Supplied material.
**********

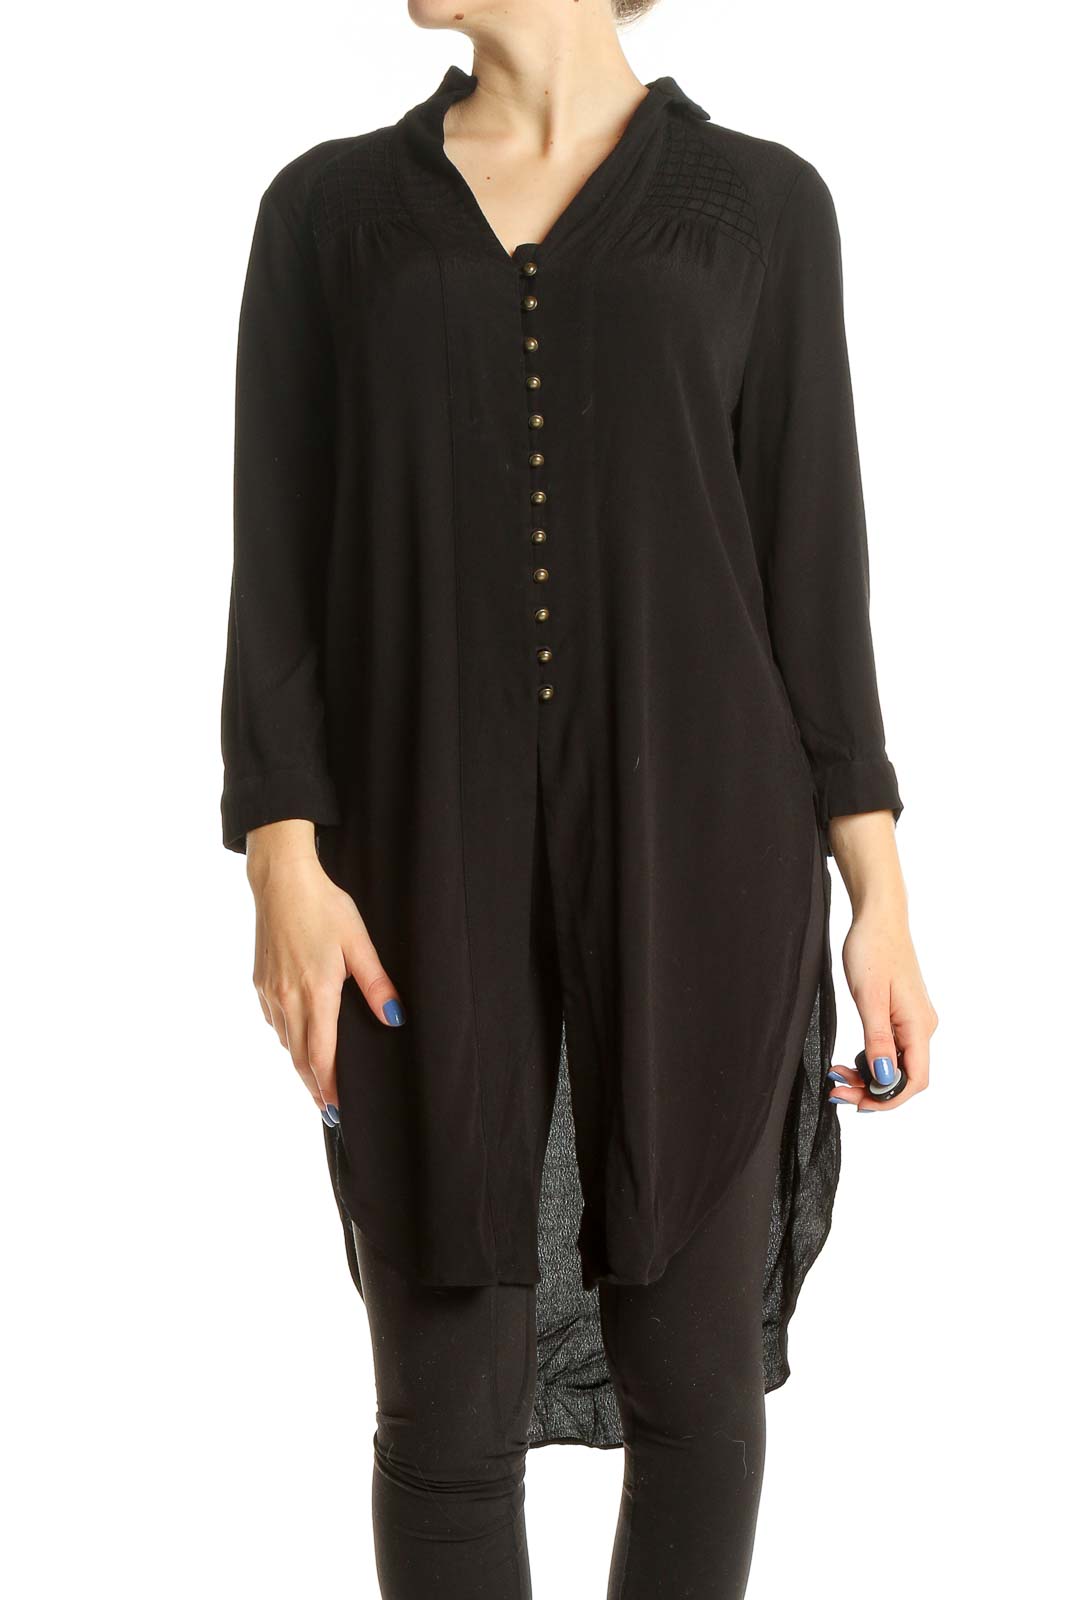 Black Long All Day Wear Top Front
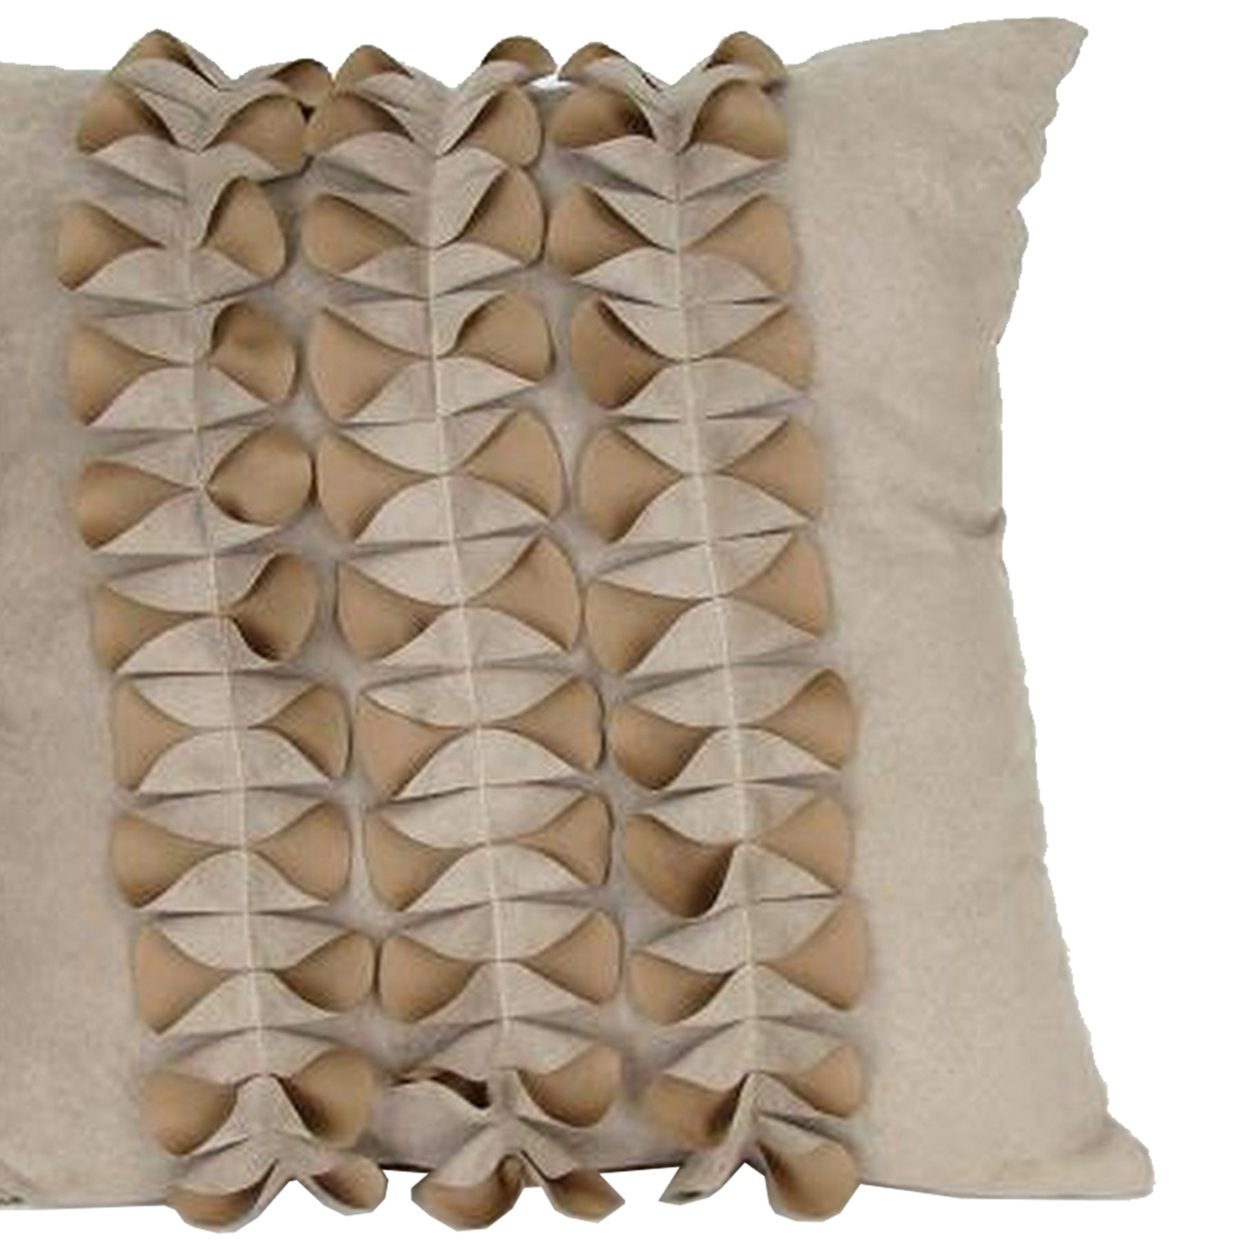 Fabric Accent Pillow With Pleated Bow Design, Beige- Saltoro Sherpi
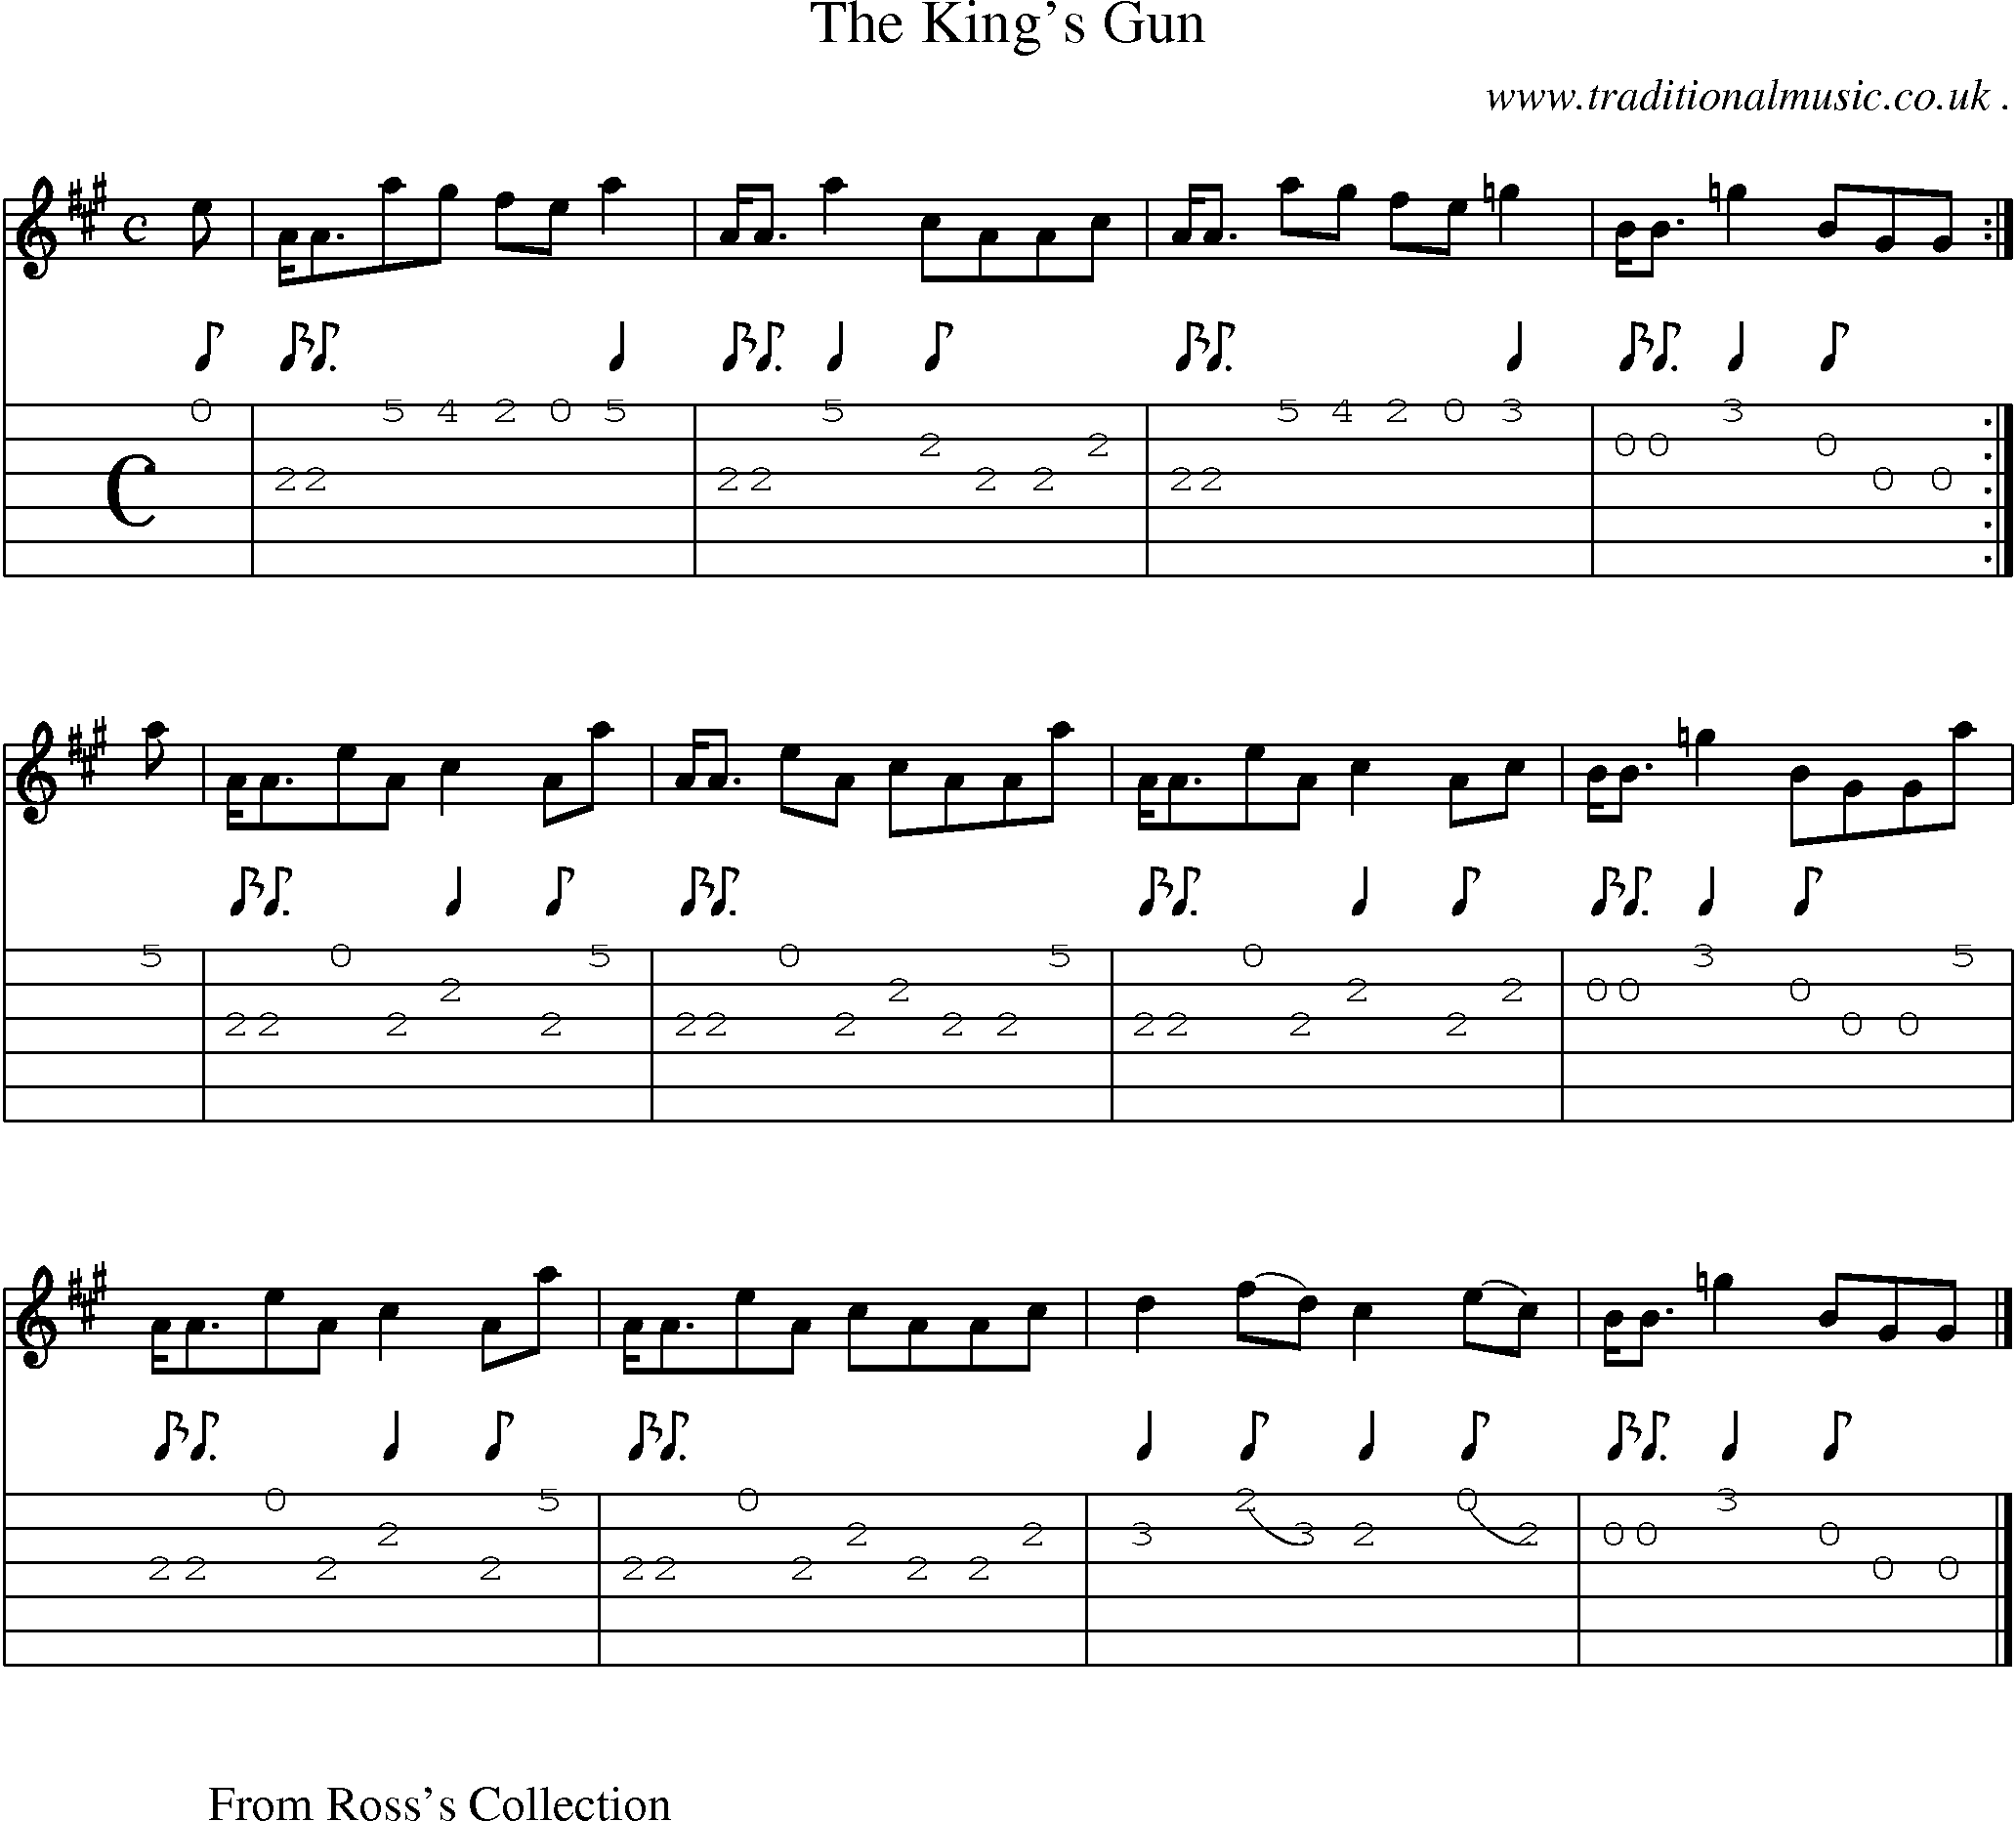 Sheet-music  score, Chords and Guitar Tabs for The Kings Gun

**********

What is expected.
All of the material above goes into the copy exactly as is; the pictures do not.

Answer.
 Black Long All Day Wear Top Front
 Fabric Accent Pillow With Pleated Bow Design, Beige- Saltoro Sherpi
 Sheet-music  score, Chords and Guitar Tabs for The Kings Gun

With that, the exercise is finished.